Por otro lado, hemos observado que las y los jóvenes ya no se identifican con el trabajo agrícola por múltiples razones, entre las que están que: es el trabajo más duro pero el menos reconocido y peor pagado; se ha impuesto la idea de que lo rural es “atrasado” y que el desarrollo está en las ciudades; la migración aparece como salida frente a la falta de oportunidades. Los bajos ingresos por las labores agrícolas desincentivan ocupar el campo. También se suman riesgos climáticos, inseguridad en la propiedad de la tierra y la continuación del despojo.
Nuevamente, las soluciones no son blanco o negro, sino diversas, con una visión holística. No se trata de abandonar la agroecología ni dejar de trabajar por un desarrollo local endógeno. Pero eso tampoco puede hacer olvidarnos de los problemas estructurales más profundos como es esa injusta distribución de la tierra. Tampoco se trata de pensar que una Reforma Agraria como la que se intentó implementar en los años 50 —y que fue truncada por la contrarrevolución de 1954— resolvería todo por sí sola. No basta tener tierra y que esté legalmente reconocida la propiedad, sino que también es necesario desarrollar capacidades técnicas, organizativas y de logística para que la producción beneficie a las y los productores.
Justamente en estos días leímos un artículo sobre la Conferencia Internacional sobre Reforma Agraria y Desarrollo Rural que se celebró en Colombia, donde gobiernos, movimientos campesinos y pueblos indígenas debaten una pregunta fundamental: la tierra, ¿para quién y para qué? Desde organizaciones como La Vía Campesina se ha afirmado con claridad que “las reformas agrarias deben estar basadas en la soberanía alimentaria y la agroecología”. Entre los datos que brindaron están que el sector de la agricultura familiar, campesina e indígena —que es el principal productor de alimentos sanos— cuenta solamente con alrededor del 12 % de la tierra disponible. Este contraste —entre quienes alimentan y quienes controlan la tierra— es el corazón del debate agrario actual.
Entonces, la pregunta vuelve: ¿es suficiente promover huertos familiares, parcelas agroecológicas, proyectos locales sin tocar las estructuras de poder sobre la tierra? O ¿no estaremos, como se ha preguntado, administrando la pobreza en vez de transformarla?

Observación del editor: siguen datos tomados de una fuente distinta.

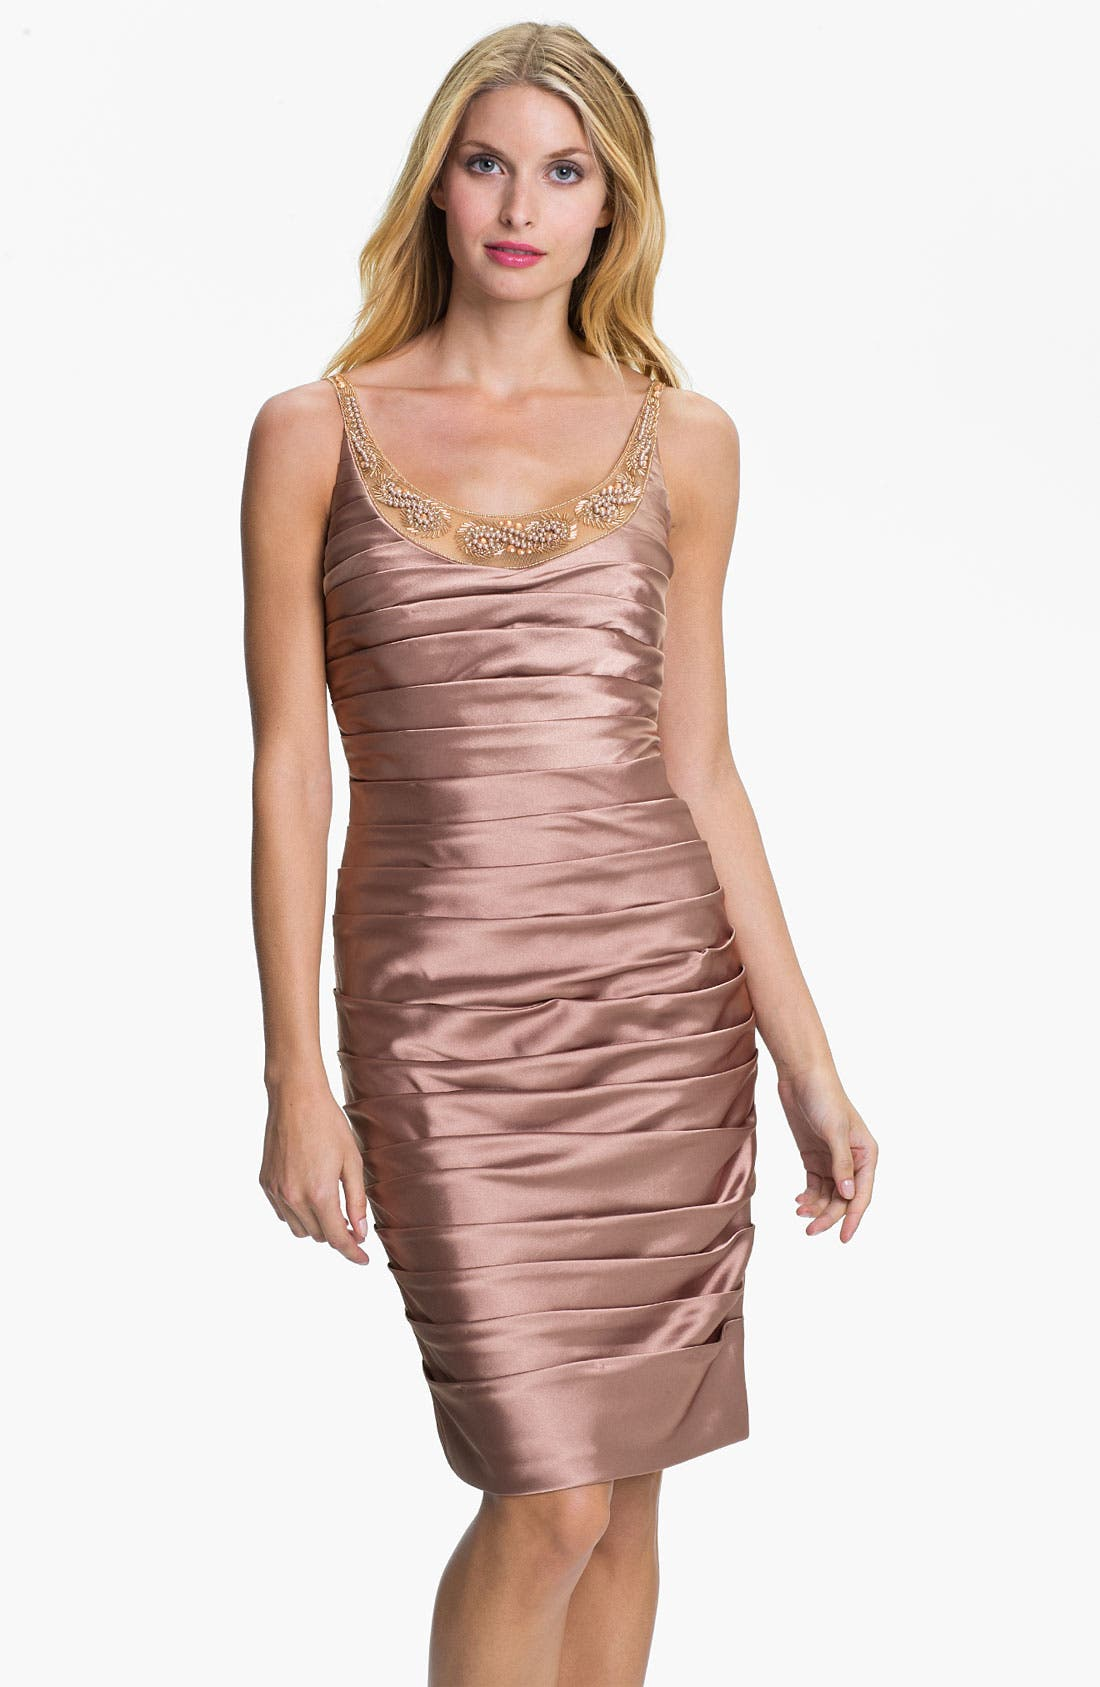 Alternate Image 1 Selected - Adrianna Papell Reverse Pleat Satin Sheath Dress & Bolero (Petite)

Necesitamos articular propuestas que unan la economía familiar rural, la justicia territorial, el acceso equitativo a la tierra, políticas públicas integrales y la protección de los bienes comunes: agua, semillas, biodiversidad. Esto implica asegurar que las comunidades y los pueblos tengan seguridad sobre sus tierras y puedan decidir sobre sus territorios; promover una producción agrícola que aporte a la seguridad alimentaria de la mayoría y no sirva únicamente para el enriquecimiento de minorías; ampliar la agroecología como propuesta desde los territorios; crear incentivos para que las juventudes vean opciones de vida desde lo agrícola, apoyándoles con acceso a tierra, financiamiento, formación técnica y oportunidades laborales dignas.
Si la tierra continúa concentrada, si el modelo agroexportador sigue dominando sin considerar la seguridad alimentaria y justicia social, si la juventud rural sigue migrando porque no ve futuro en el campo y en el país, entonces sí estaremos “jugando de comidita”.

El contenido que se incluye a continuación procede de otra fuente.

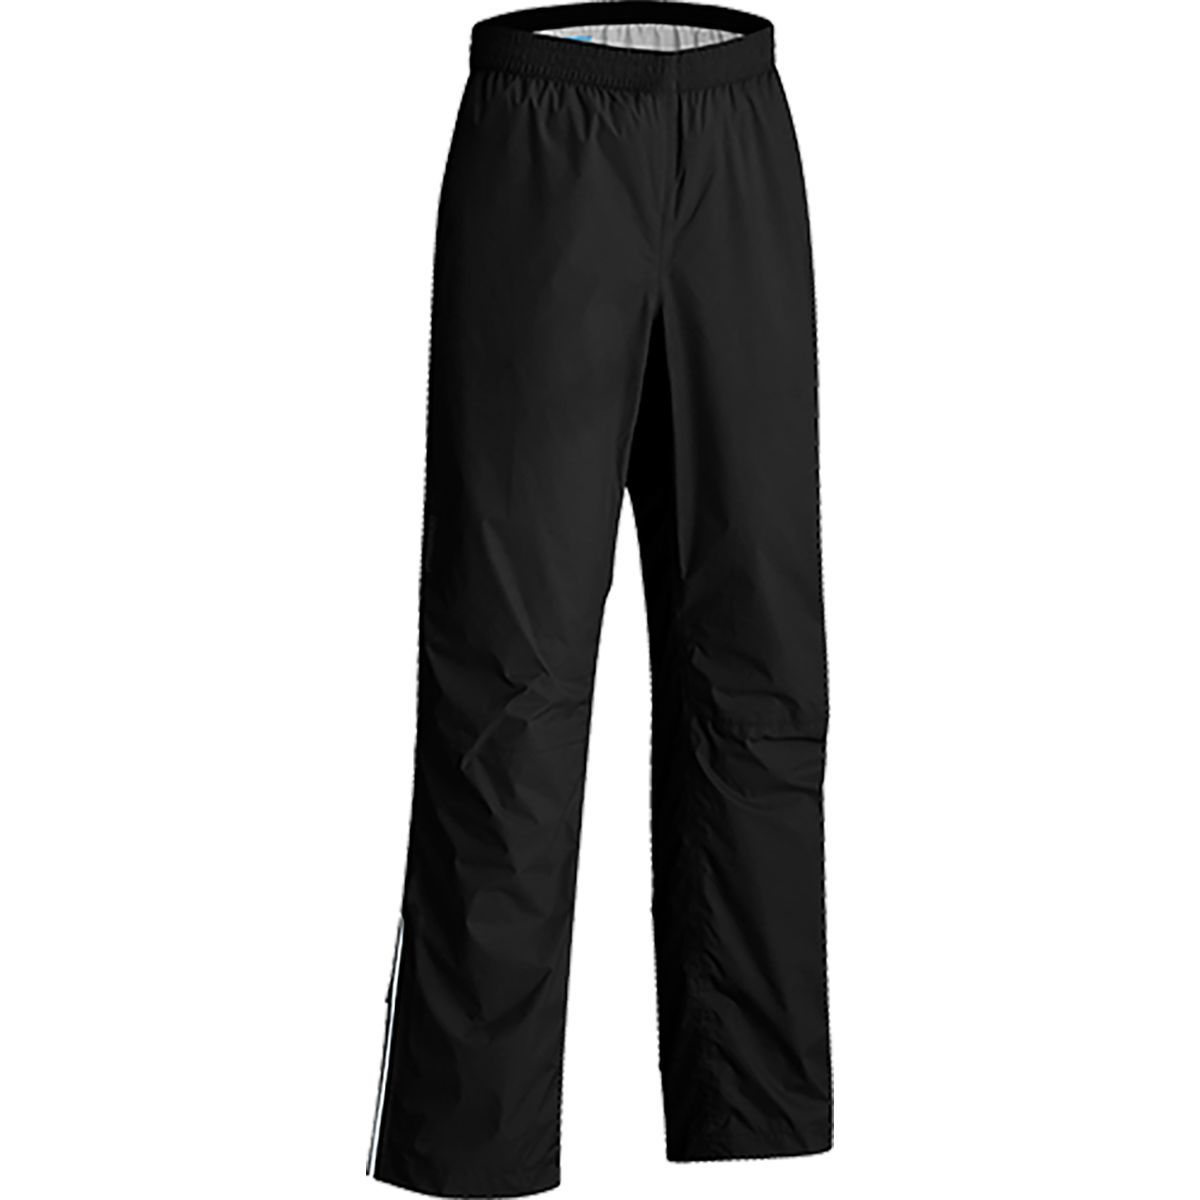 Shimano Explorer Rain Pant - Men's

Pero si los procesos locales se articulan con una visión más amplia de justicia agraria, si colocamos en el centro la soberanía alimentaria y la dignidad de quienes trabajan la tierra, entonces los pequeños huertos pueden ser pasos para la transformación.
La pregunta, al final, no es sólo técnica; es también política y ética: ¿queremos un campo al servicio del mercado global o un campo al servicio de la vida?